Had GOT’s writers taken inspiration from Casablanca’s ironic balancing of love and heroism, they might have come up with a story for their own lovers that went something like this: Jon proves his courage and steadfastness as a leader, but he still doesn’t have a head for politics, and dislikes talking with people he doesn’t respect. He also isn’t made King in the North because he is a bastard. He is, however, made a military leader and one of Sansa’s closest advisors. Dany is also a strong, charismatic leader, but she lets her emotions get in the way of a more broad-minded view of justice, simply doing things that appeal to her personal morals, rather than considering how to make compromises. Then, the northerners and Daenaerys join forces, and Dany and Jon fall in love. We watch the two learn from one another, both as a person and as a leader. You watch them grow closer and learn to respect the different skill sets that each of them brings to the table. Danaerys teaches Jon how to play the political game when it’s necessary, and Jon teaches Danaerys the value of sacrificing personal emotional whims for a more cool-headed form of leadership. Eventually, their combined forces retake King’s Landing, but then they receive word that the Night King has breached the wall and is marching south. Jon confronts the Night King and defeats him. Everything appears to have gone back to normal but weeks or months later, reports come back that there are still white walkers roaming the north. Just as in real life, evil never rests. The Wildlings, whom Jon has befriended, desperately need a leader, given the still-present danger of the white walkers. Jon makes the decision not to be with Dany in King’s landing, but leaves of his own accord, rather than as an involuntary exile, to become the new King-Beyond-the-Wall. Jon and Dany, both have brought order and justice to a bleak world, but tragically they cannot be together. They each have to sacrifice their personal happiness for the wellbeing of their respective kingdoms. You have given the audience an overall positive ending that actually rewards the arcs that both Jon and Dany have undergone, first as individuals and then together, learning how to grow past their flaws and become strong but just rulers. But you also give them the realistic undercutting of political realities that force them to make a heartbreaking personal sacrifice in order to becomes those strong just leaders.

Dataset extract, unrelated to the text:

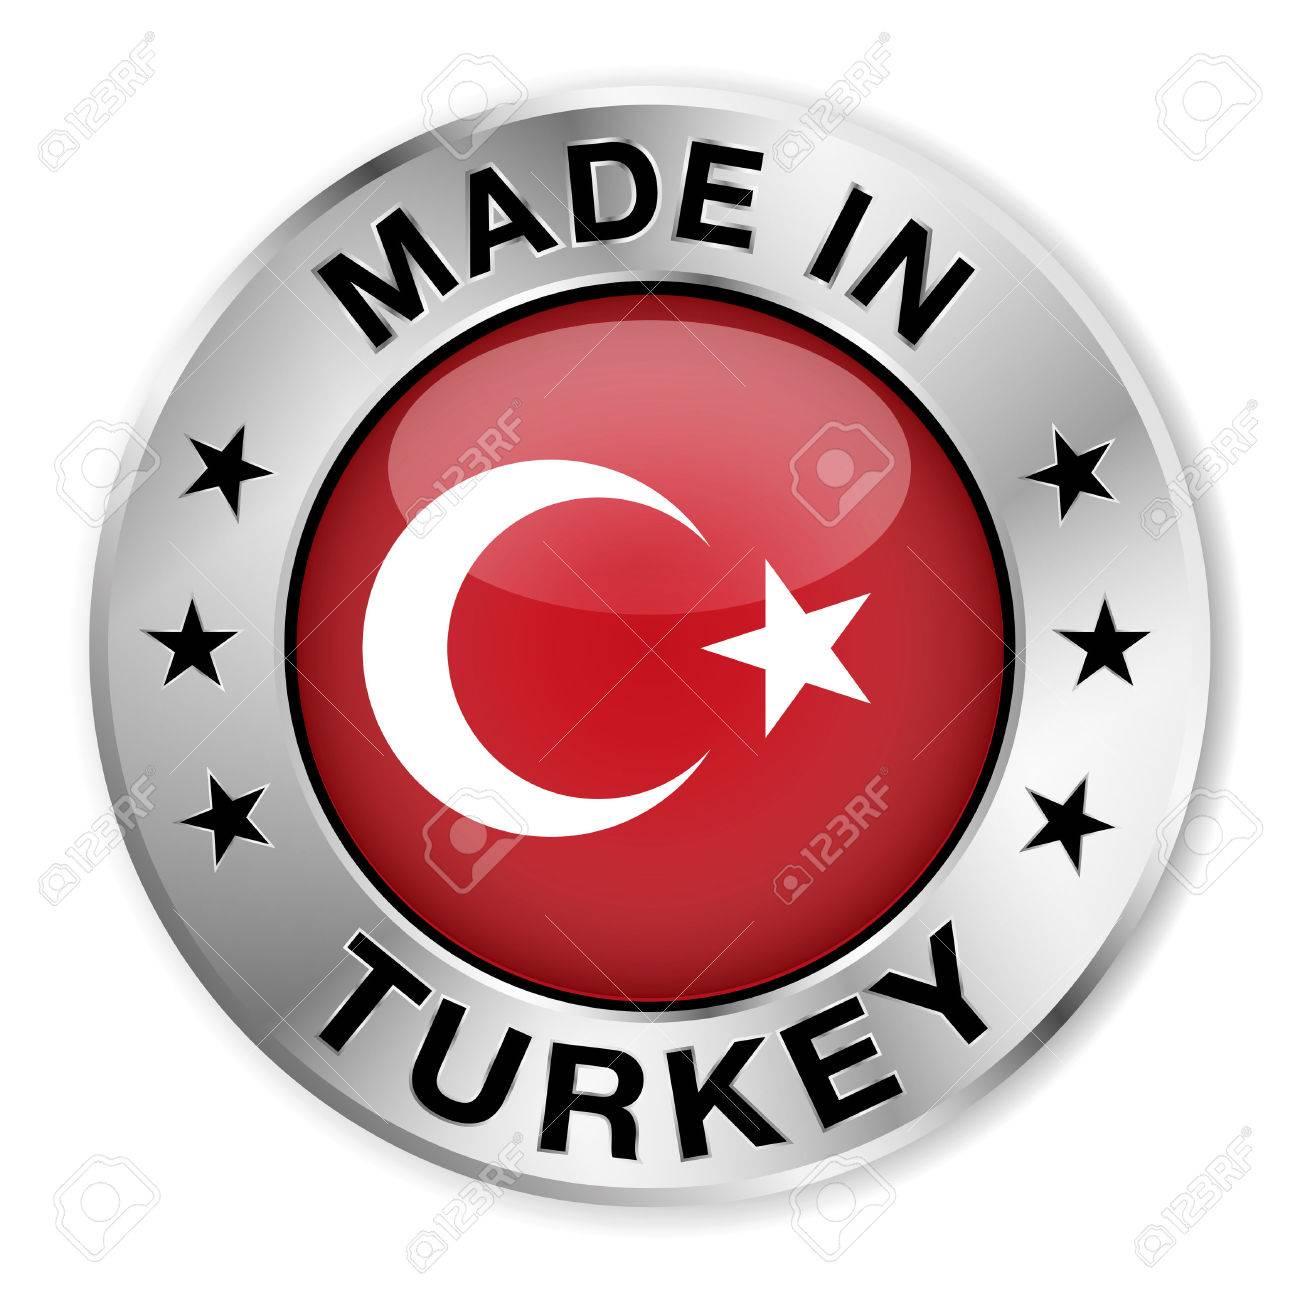 made in turkey ile ilgili görsel sonucu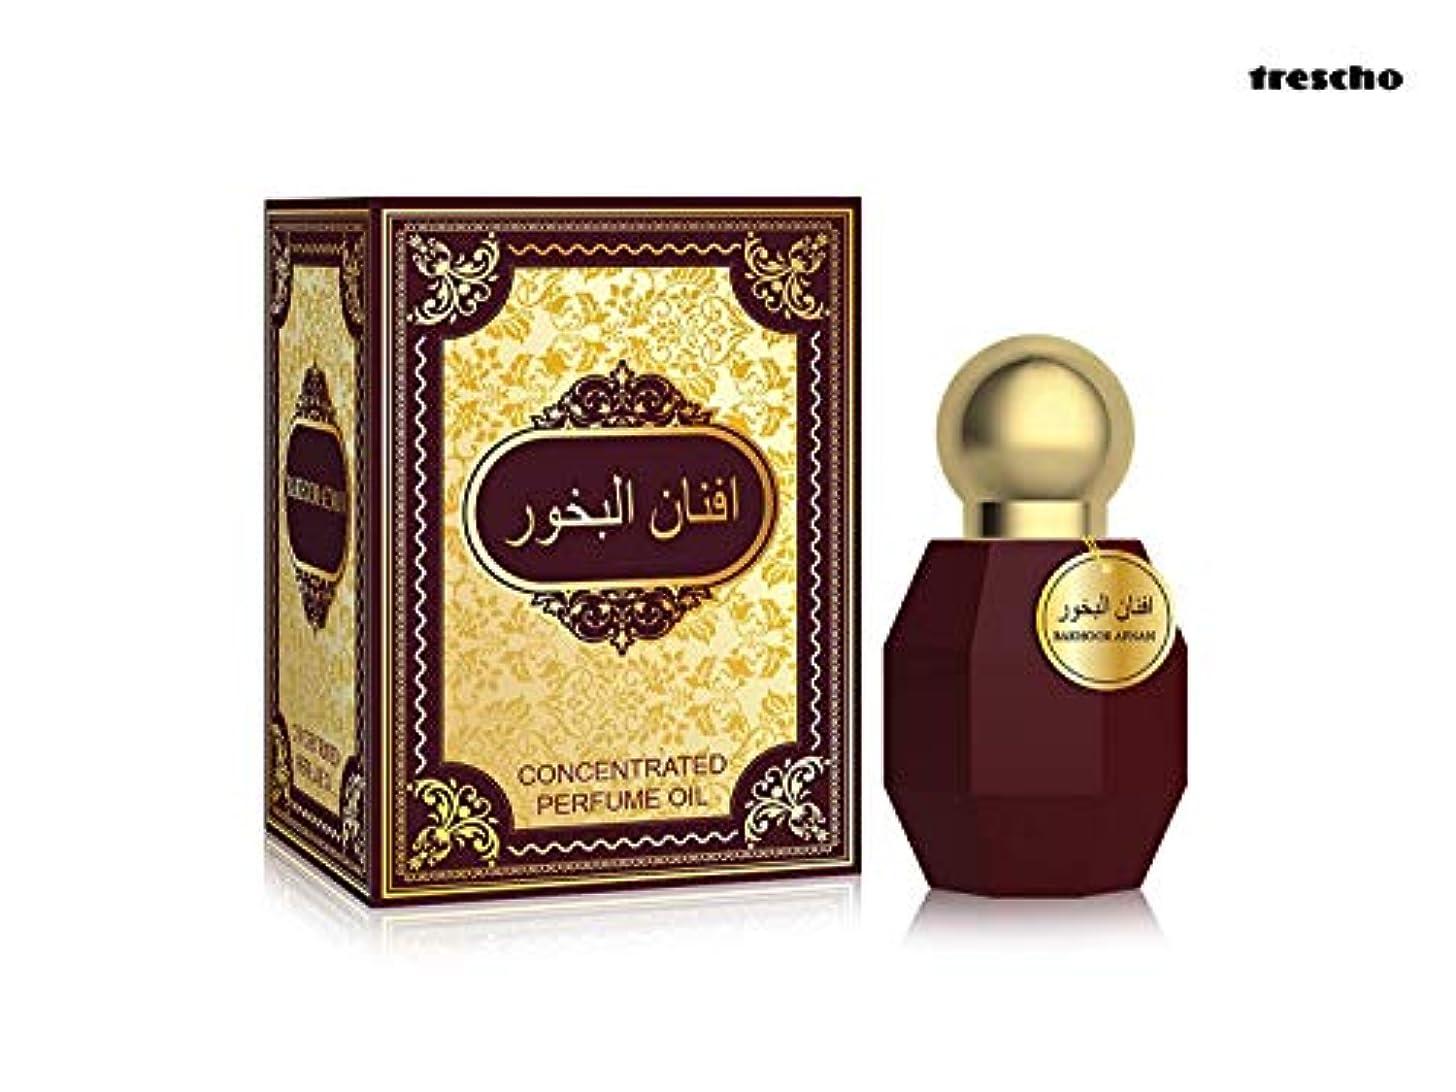 ダーツ嫌なクッション香水Bakhoor Afnanアター(Ittar)で20ミリリットルロール|アターITRA最高品質の香水長持ちアタースプレー

That would have been an ending that gives the audience the true pleasure of irony: watching how something heroic and beautiful, like learning how to be a great leader who brings peace and justice to an ailing kingdom, goes hand in hand with great sacrifices, like choosing not to be with the person one loves most dearly. The ending that the GOT fans actually got was rife with ambiguity and coincidence, but very little true irony. For a writer who, like Martin, Benioff, and Weiss, wants to write a truly mature and ironic story, capable of moving an audience over cast stretches of space and time, it behooves one to learn from miscarriages like the GOT finale, and draw inspiration from the best sources possible.